Cooking The Books 1: Housing madness
A photo of a row of empty newly-built houses in Dublin was featured on page 4 of the Times’s Bricks & Mortar supplement of 14 May. According to the accompanying article, “a recent estimate suggested that there were 345,000 empty homes in Ireland”. Why? Is it because there are no people living in substandard housing in Ireland? Or because the housing problem has been solved there? Neither. It’s because there’s no market – no paying demand – for them. The people who need better housing or to move house cannot afford to pay. It’s as simple as that.
This situation arose in classic capitalist fashion. Houses like everything else under capitalism are produced to be sold with a view to profit. They are not produced simply for people to live in. A few years ago, when the capitalist economy in Ireland was expanding, there was a strong demand for new houses, which speculative builders in Ireland thought was going to continue. In any event, they felt that they rather than their rivals would benefit from the demand for houses. So they arranged for more to be built:
“This nation of builders became a nation of developers. Massive tax incentives encouraged people to invest. You’d have been a fool not to. Buy one day for €100,000 (£86,750), sell a week later for €200,000. Nobody asked if Ireland needed these buildings or whether they were being built in the right places.”
But then came the slump of 2008 (itself sparked off by overproduction of houses in relation to paying demand in the US) and the market for houses collapsed. “Too many” had been built:
“Developers can’t get rid of them, nor can some pay off the bank loans they used to build them. The banks can’t acquire them because they are worth so much less than their loans.”

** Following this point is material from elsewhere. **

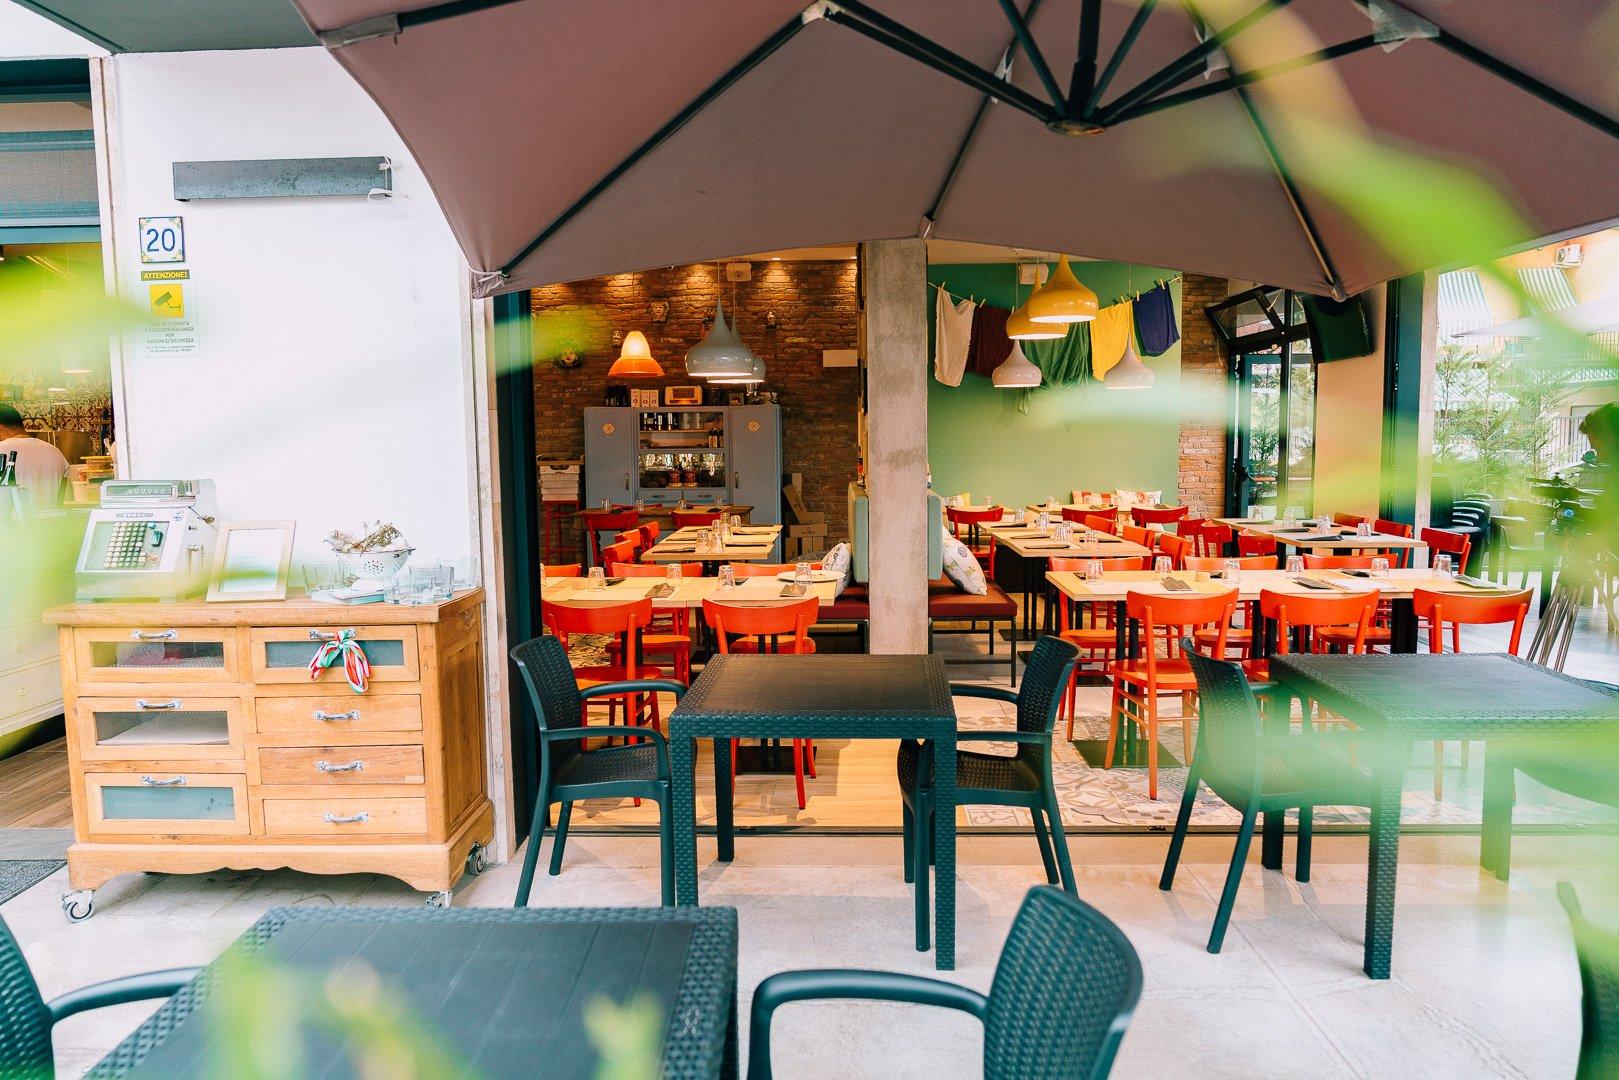 Pizzeria la Mafaldina - veranda

Meanwhile, the other side of the Irish Sea, banks and building societies have a different problem but still arising from the fact that houses are produced for sale and not directly for people to live in. They can’t get the money to re-lend at a rate of interest that those who want to buy a house can afford.
Banks and building societies are intermediary financial institutions which make their profits by borrowing at one rate of interest and re-lending it at a higher one. They borrow money from two sources: the money market (“wholesale”) and individual depositors (“retail”).
According to the Financial Times (22/23 May) the Council of Mortgage Lenders has
“…warned that its own members – who make roughly 94 per cent of all the mortgage loans in Britain – are facing higher costs as they compete for retail deposits to replace maturing wholesale loans. This is likely to mean that rates on mortgages may have to rise even if the Bank rate remains on hold.”
The “higher costs” are the increased rate of interest they will have to offer depositors to get these to lend them money, but, if they are to make the same rate of profit, this will have to be passed on to those to whom they lend money to buy a house. But, as houses buyers may not be able to afford the higher interest, mortgage lenders are not prepared to give them loans as they wouldn’t make enough profit, with the result that, in the words of the article’s headline, the “housing market recovery shows signs of stalling”. A neat illustration of how banks cannot just create the money they lend. A neat illustration too of how capitalism is not a society geared to meeting needs.